Police resume landfill search for missing RAF serviceman Corrie McKeague

Police searching a landfill site in Milton in March
Police searching a landfill site in Milton in March. Photograph: Chris Radburn/PA

A police force is resuming a search of a landfill site in an effort to find a missing RAF serviceman, Corrie McKeague, after calling off the hunt three months ago.

McKeague, 23, vanished after a night out with friends in Bury St Edmunds last year. He was last seen on CCTV in the early hours of 24 September walking into a bin loading bay in Brentgovel Street.

A bin lorry was seen on CCTV near Brentgovel Street around the time McKeague was last seen, and it took a route that appeared to coincide with the movements of McKeague’s mobile phone signal.

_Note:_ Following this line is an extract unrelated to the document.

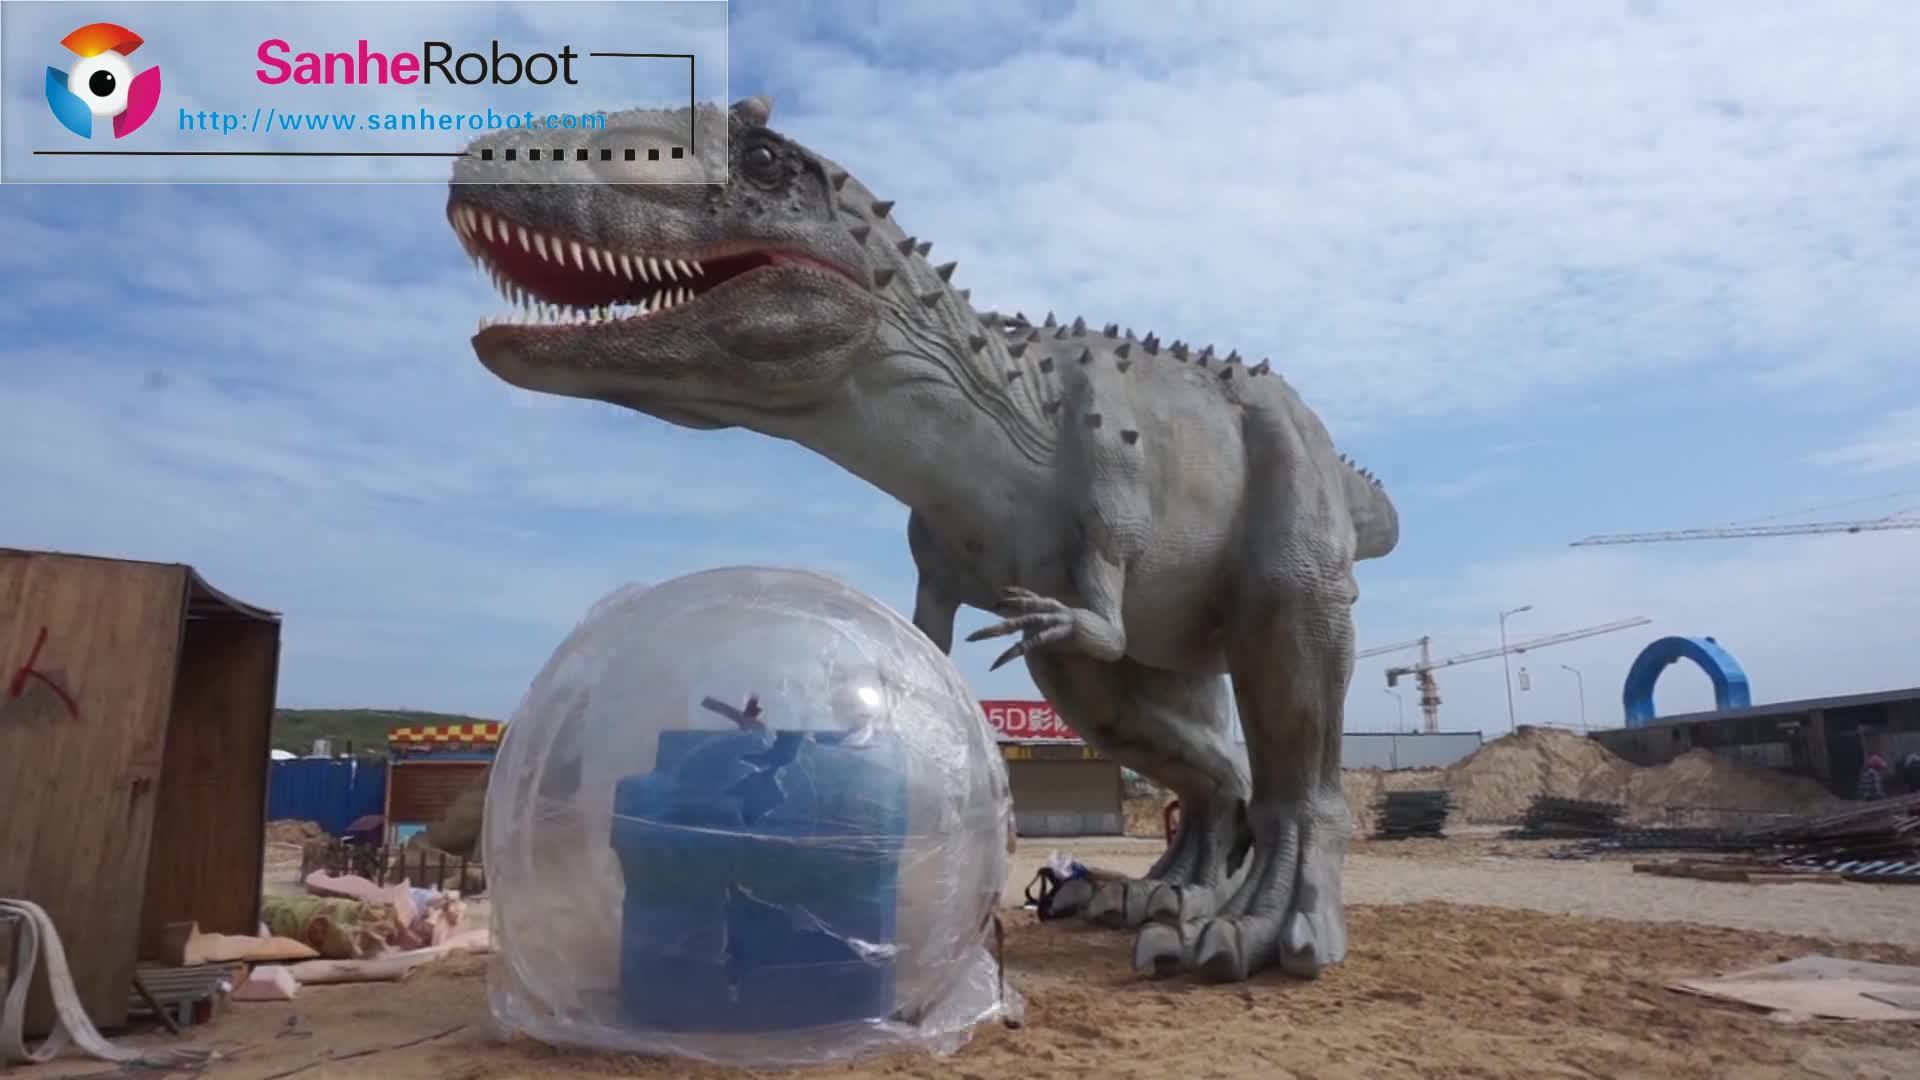 Life-size Robotic T-rex The Good Dinosaur King Sex - Buy Dinosaur ...
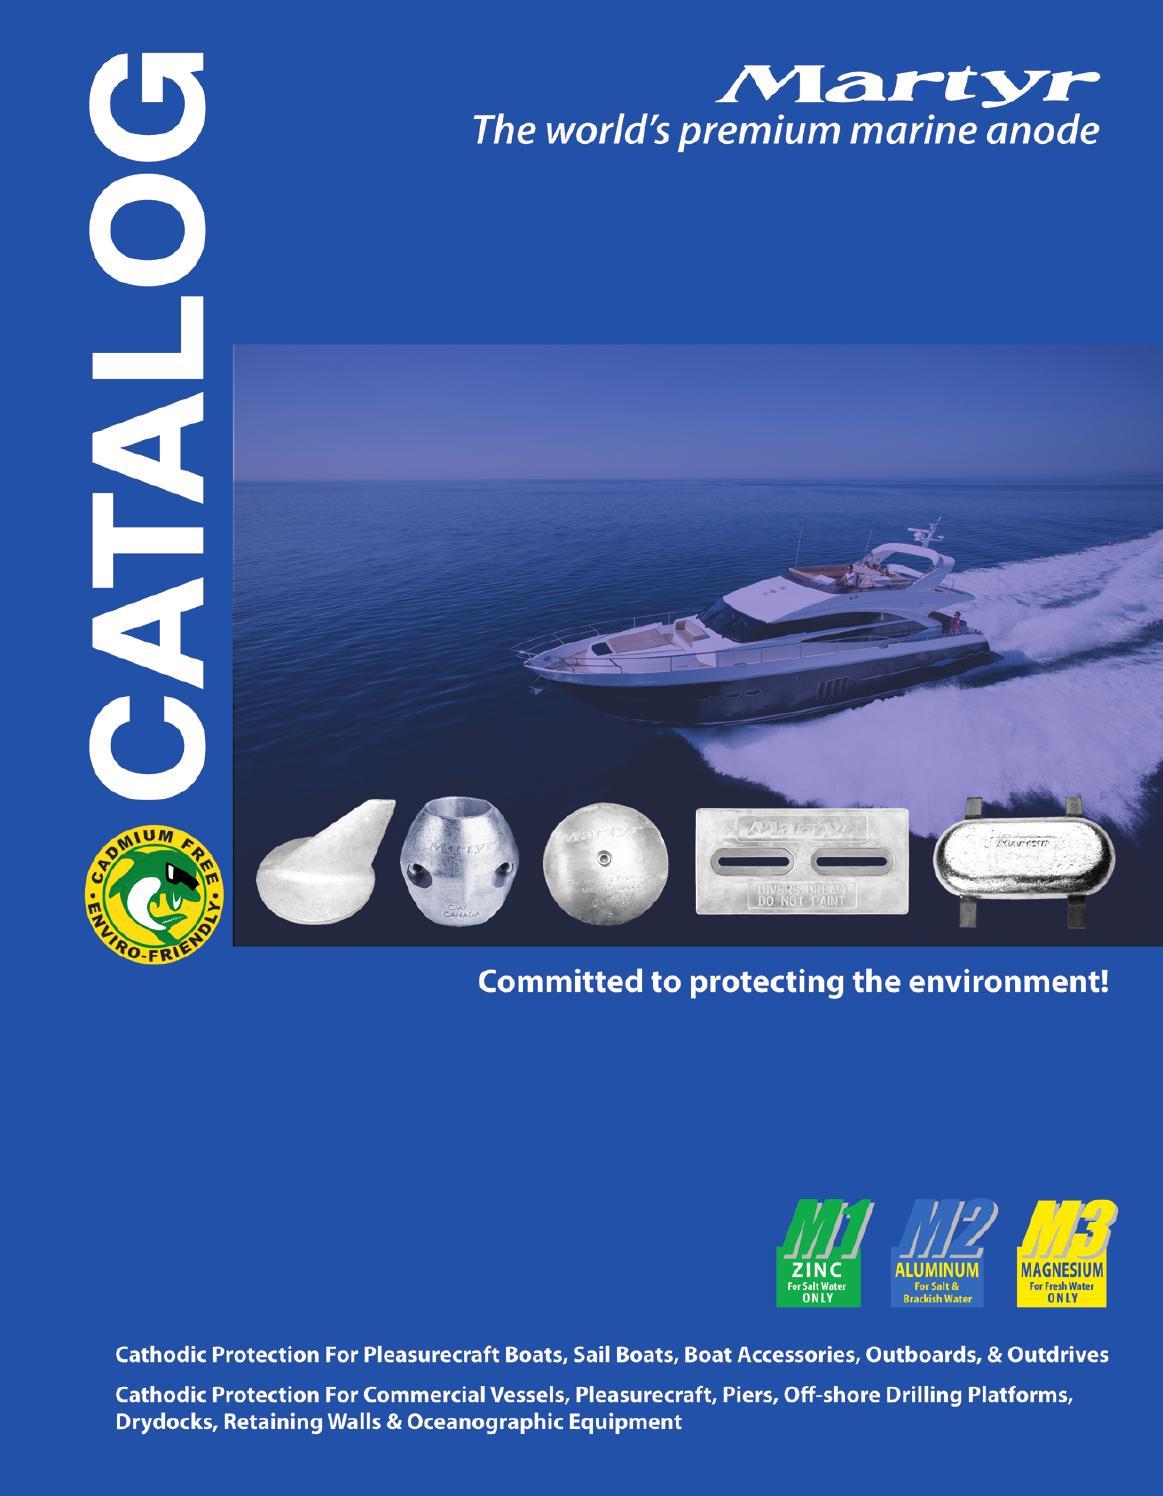 Aluminium 1.6Kg Bar Anode for yacht ship hull 305 x 76 x 41mm boat bolt on

Suffolk police called off the search of a landfill site at Milton, Cambridgeshire, after four months of excavating turned up no evidence of his body. The decision was met with criticism from McKeague’s mother, Nicola Urquhart, who said it showed the force had “given up on finding Corrie”.

This month the force said that after rechecking the available information, officers had concluded the area was “still the location where there was the highest likelihood of finding Corrie” and it would resume the search.

The latest phase will will concentrate on an area next to the site of the earlier search and could take six weeks, the force said.

Suffolk police have already spent more than £1m investigating the disappearance.

Det Supt Katie Elliott said: “We have spoken to Corrie’s mum and dad to explain our decision and share in detail the reasons behind it. We will, of course, continue to work together with Corrie’s family as the inquiry progresses. We can only hope that over the coming weeks the resumption of the search brings the answers that we are all hoping for and especially, of course, for Nicola [Urquhart, McKeague’s mother] and [his father] Martin.”

McKeague’s girlfriend, April Oliver, announced in June that the missing serviceman had become a father with the birth of their daughter.

Last month, a year after he went missing, his mother led a group of about 30 people around the town centre in an attempt to generate new leads. CCTV images of four men believed to have interacted with McKeague on the night he disappeared were released in September.